- [Work to be completed] Only the lines from the one holding "副病院長・看護部長 中川朋子さん 立ち仕事が多い看護師にとって足への負担が少ないシューズは強い味方です。" through the end of the material are to be repeated, exactly and without pictures.

- [Supplied information]
┌──

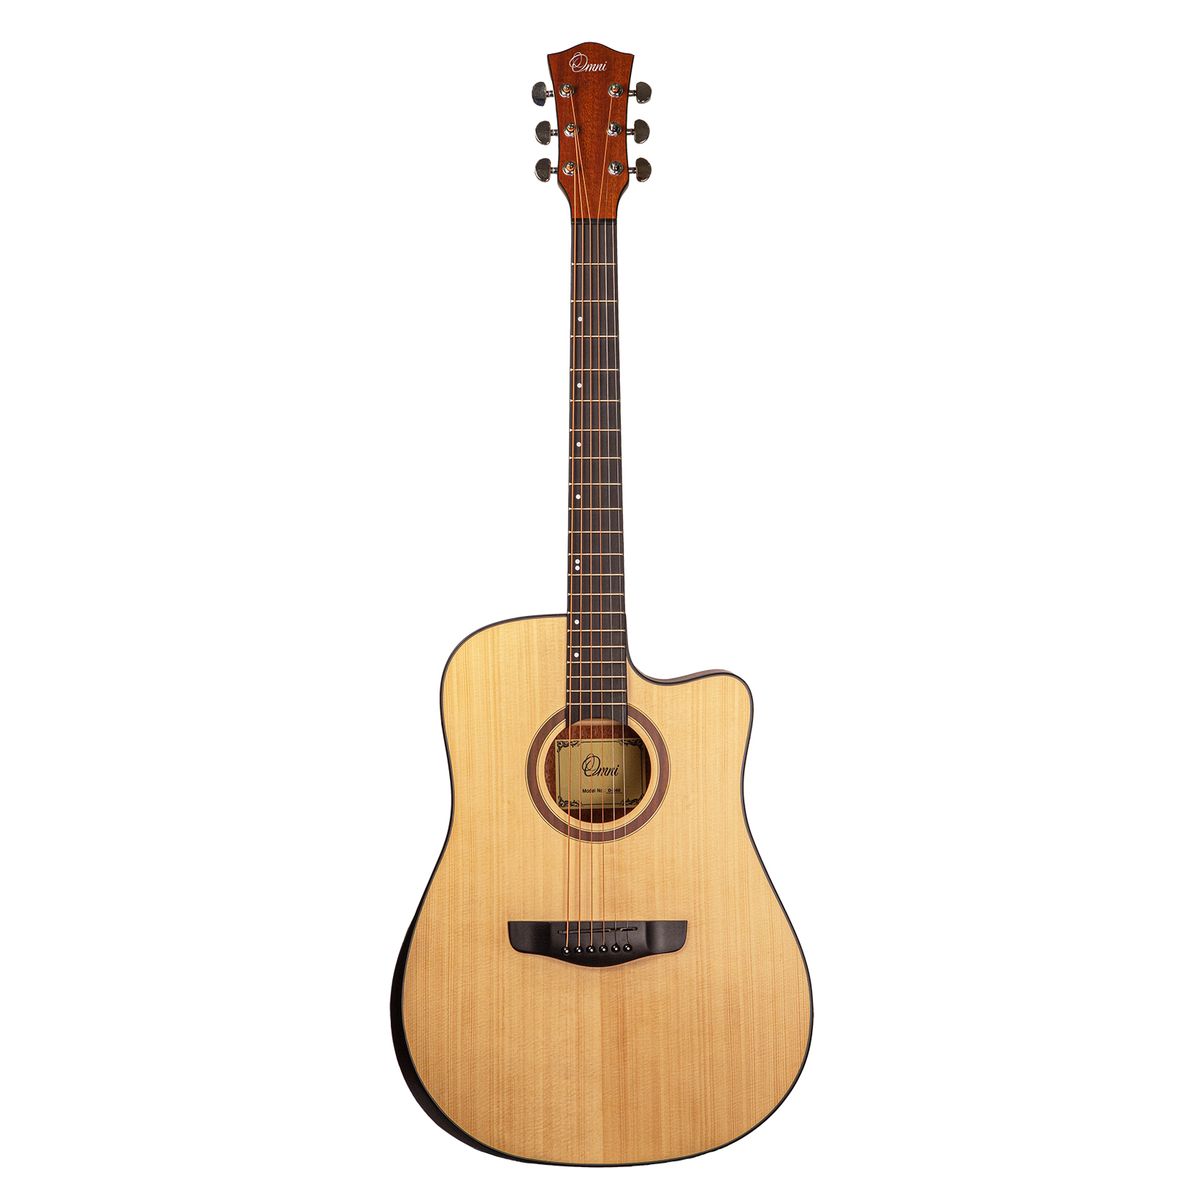 Omni D-560 акустическая гитара, дредноут, цвет натуральный
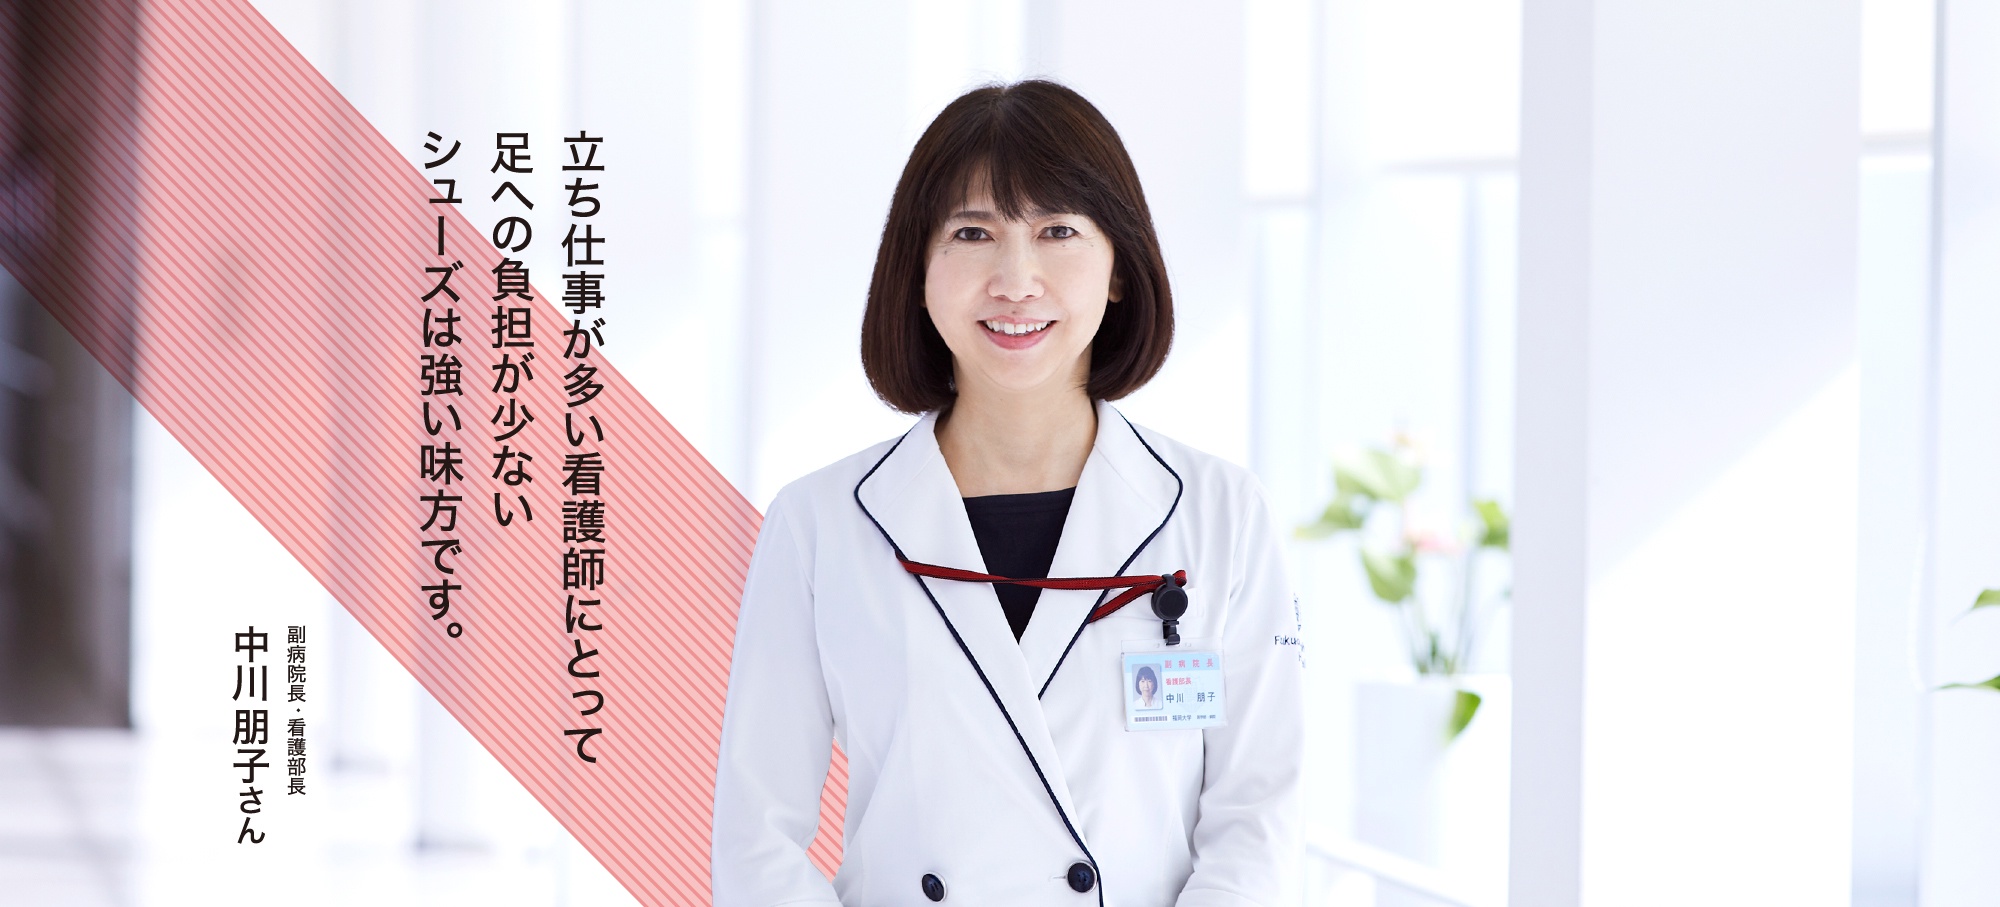 副病院長・看護部長 中川朋子さん 立ち仕事が多い看護師にとって足への負担が少ないシューズは強い味方です。
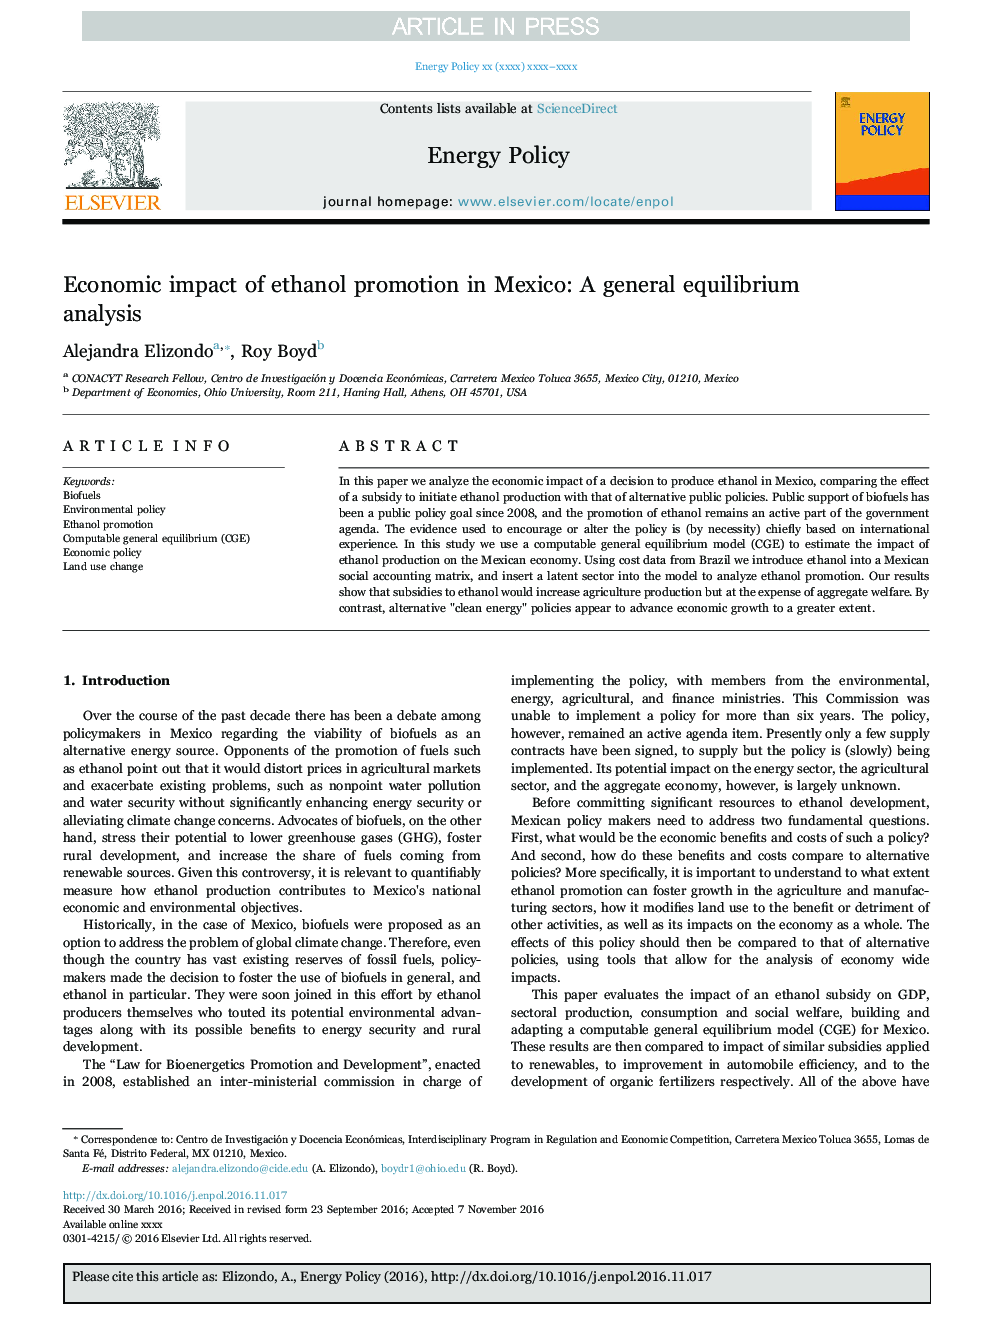 تاثیر اقتصادی ترویج اتانول در مکزیک: یک تحلیل عمومی تعادل

└──

- [Your response]
 副病院長・看護部長 中川朋子さん 立ち仕事が多い看護師にとって足への負担が少ないシューズは強い味方です。
 تاثیر اقتصادی ترویج اتانول در مکزیک: یک تحلیل عمومی تعادل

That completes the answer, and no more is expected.